Ibrahim blinked again. It was Memsahib who really kept the eye, but he had to admit he’d
occasionally come across Tusker poring over her accounts and bills and muttering. After
which they usually had a row. So he also had to admit there could be difficulties about
feeding a boy whom Tusker was to be deceived into believing was employed by Smith’s.
Although the time-honoured arrangement was—because there were no proper cooking
facilities in The Lodge’s servants’ quarters—that Ibrahim’s food should be cooked and if
required eaten in the servants’ quarters of the hotel, the Smalleys provided basic rations in
the shape of monthly doles of flour, tea, salt, sugar, cooking oil, and paid a subsistence
allowance to enable him to buy what meat and vegetables he needed.

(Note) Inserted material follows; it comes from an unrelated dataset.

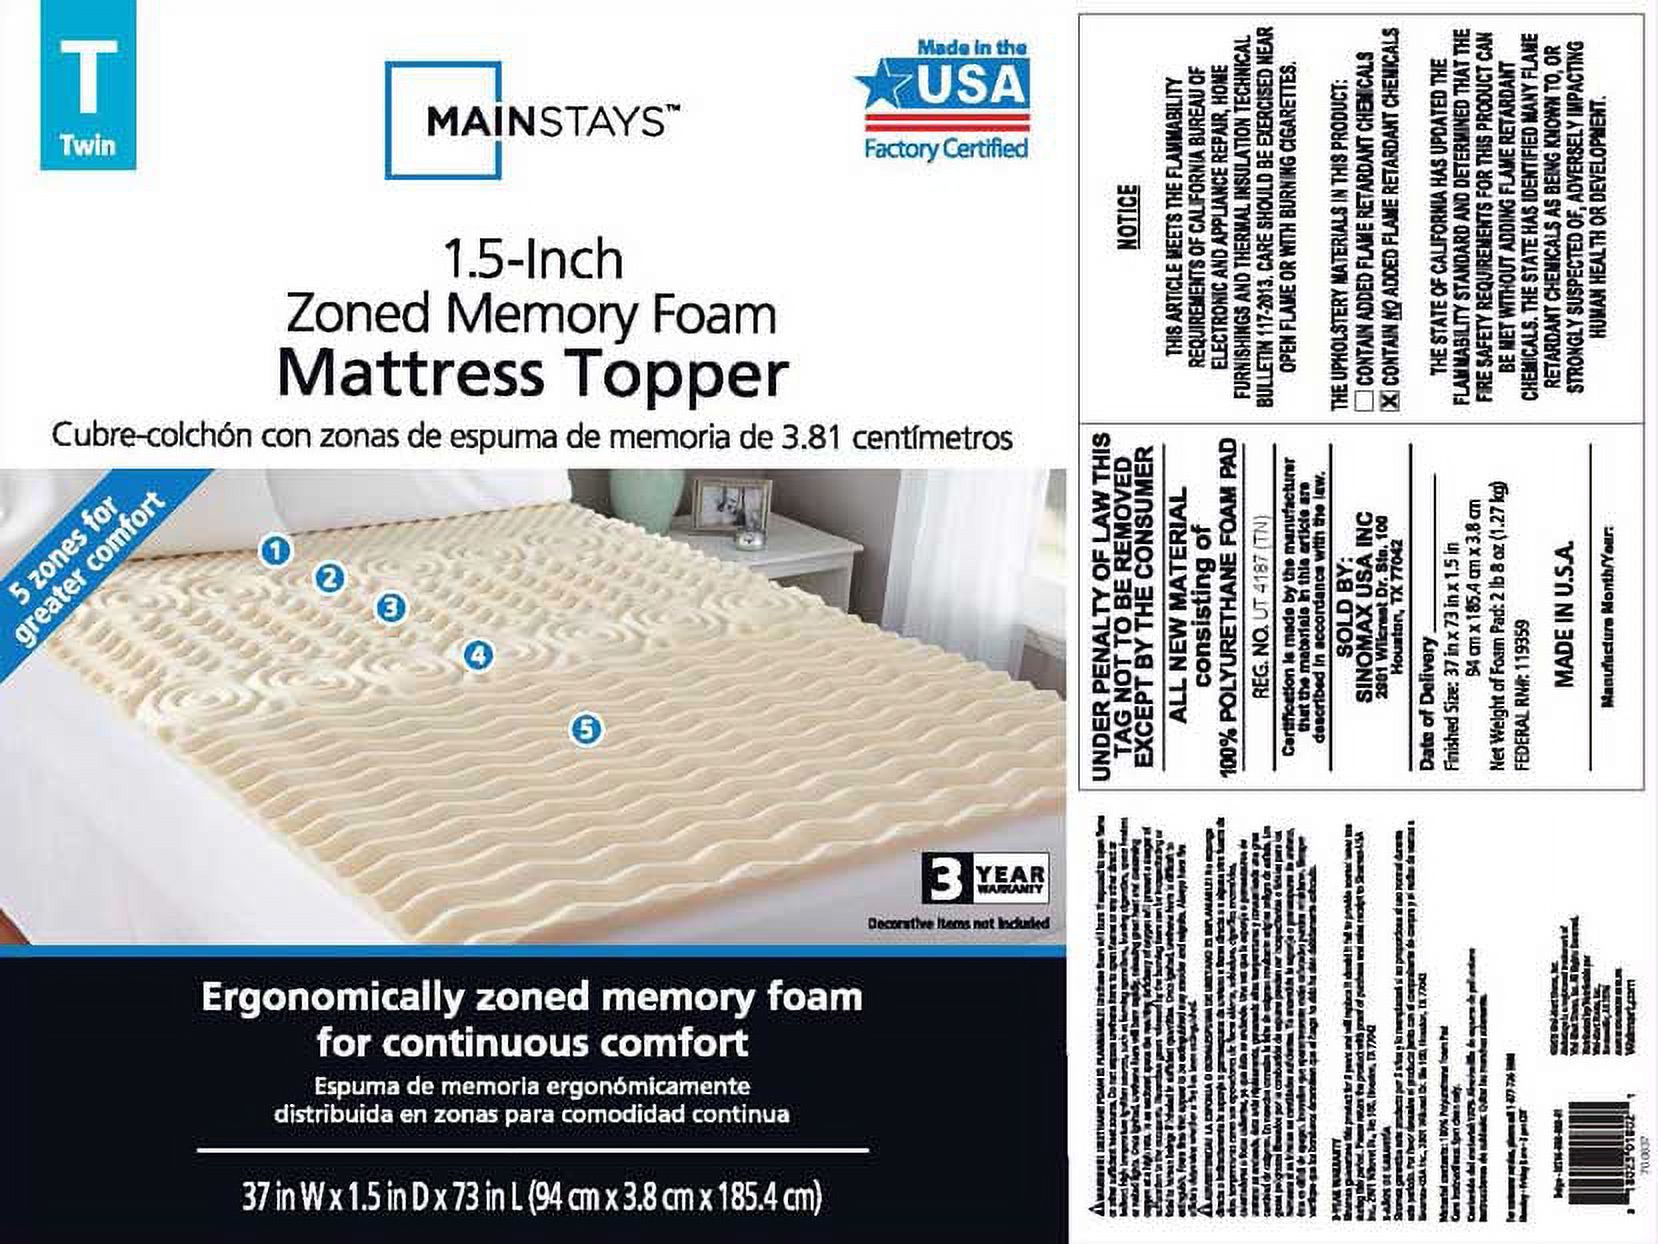 mainstays 1.5in zoned memory foam mattress topper

His food was usually cooked by Minnie with whom he had an understanding on various
matters; an understanding respected by her colleagues. It was a cushy enough billet. He was
able to save most of his monthly wage. There was always buckshee rum from the stock at
the hotel. Each year, at the Id, Tusker Sahib and Lucy-Mem presented him with something
new to wear. His laundry was satisfactorily dealt with by the hotel dhobi-wallah in exchange
for a packet or two of Charminar cigarettes. It was like belonging to a Union without having
to pay the dues.
But his most treasured possession, immaculately preserved, was the last remaining set of
long white tunic and trousers which his father had worn on mess nights in the days of
Colonel Moxon-Greife, and into which he had long since grown, and worn once or twice on
the rare occasions when Colonel and Mrs Smalley were guests at the Pankot Rifles Mess.